Dungeon Generator
Procedural Level Generation Tool
An AI-driven tool for procedurally generating dungeon layouts with advanced algorithms
About The Project
The Dungeon Generator is an AI-powered procedural content generation tool that creates unique dungeon layouts for video games. Built from scratch in C++ using ESAT's graphics library, this tool implements multiple advanced algorithms to generate varied, balanced, and visually consistent dungeon environments.
The tool employs a multi-stage generation process: first using Binary Space Partitioning (BSP) to subdivide the space into rooms, then applying Kruskal's algorithm to create a Minimal Spanning Tree that connects all rooms with corridors, and finally utilizing Wave Function Collapse for procedural texturing that follows consistent rules. The entire process is highly customizable through an ImGui interface that allows for real-time parameter adjustment.
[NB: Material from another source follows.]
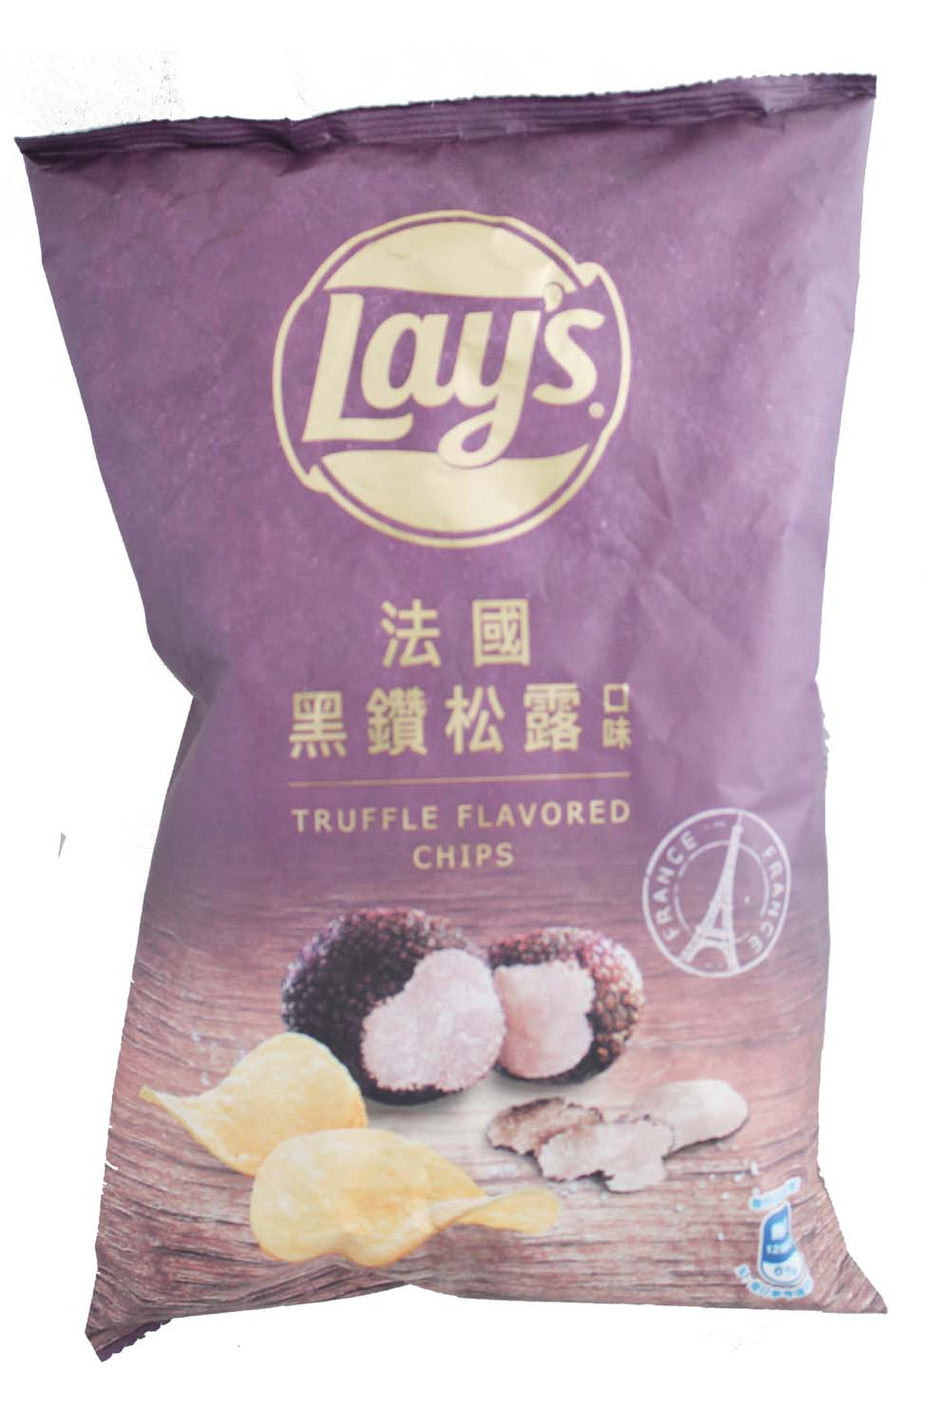 Lay's truffle Flavored Chips

This project demonstrates the power of combining established algorithmic approaches with modern procedural generation techniques to create a versatile tool that could be integrated into a game development pipeline to rapidly create varied level layouts.
Features
- BSP (Binary Space Partitioning) for dynamic room layout generation
- Kruskal's algorithm implementation for creating minimum spanning trees that connect all rooms
- Wave Function Collapse algorithm for coherent procedural texturing of rooms and corridors
- ImGui interface for real-time parameter adjustments and visualization controls
- Customizable generation parameters including room size, corridor width, and complexity
- Visualization modes showing different stages of the generation process
Project Information
- Category: AI/Procedural Generation
- Project Date: 2024
- Showcase: YouTube
- Language: C++
- Graphics: ESAT Library
Technical Highlights
Binary Space Partitioning (BSP)
Implemented a recursive BSP algorithm that intelligently subdivides the dungeon space into rooms of varying sizes. The implementation includes customizable parameters for controlling minimum room size, partition variance, and subdivision depth to ensure diverse yet playable room layouts.
Kruskal's Algorithm for MST
Applied Kruskal's algorithm to generate a Minimal Spanning Tree that connects all dungeon rooms with optimal pathway efficiency. The implementation includes disjoint-set data structures for efficient room connectivity checks and prioritizes connections based on distance measures to create natural-feeling dungeon flow.
Wave Function Collapse
Developed a constraint-based Wave Function Collapse implementation for procedural texturing that follows coherent visual rules. This system observes adjacency constraints between different texture types, resulting in natural-looking environments where wall textures properly connect to floor textures and special features appear in appropriate locations.
Interactive Parameter Control
Created an intuitive ImGui interface that exposes all generation parameters for real-time adjustment. This allows users to fine-tune the dungeon generation process while immediately seeing the results, making it easy to discover interesting parameter combinations and design dungeon layouts with specific characteristics.
Technologies Used
Applications & Future Work
This procedural dungeon generator has numerous applications in game development, from quickly prototyping level designs to generating endless content for roguelike games. The tool could be extended in several ways:
- Integration with game engines like Unity or Unreal Engine as a plugin
- Addition of more advanced constraint systems for themed dungeons (castles, caves, temples)
- Implementation of difficulty mapping to create progressively challenging dungeon layouts
- Expansion to include procedural object and enemy placement based on room types and connections
- Development of 3D dungeon generation capabilities using similar algorithmic approaches
The algorithmic foundations implemented in this project provide a solid basis for more complex procedural content generation systems that could significantly reduce level design time while maintaining high-quality, coherent environments.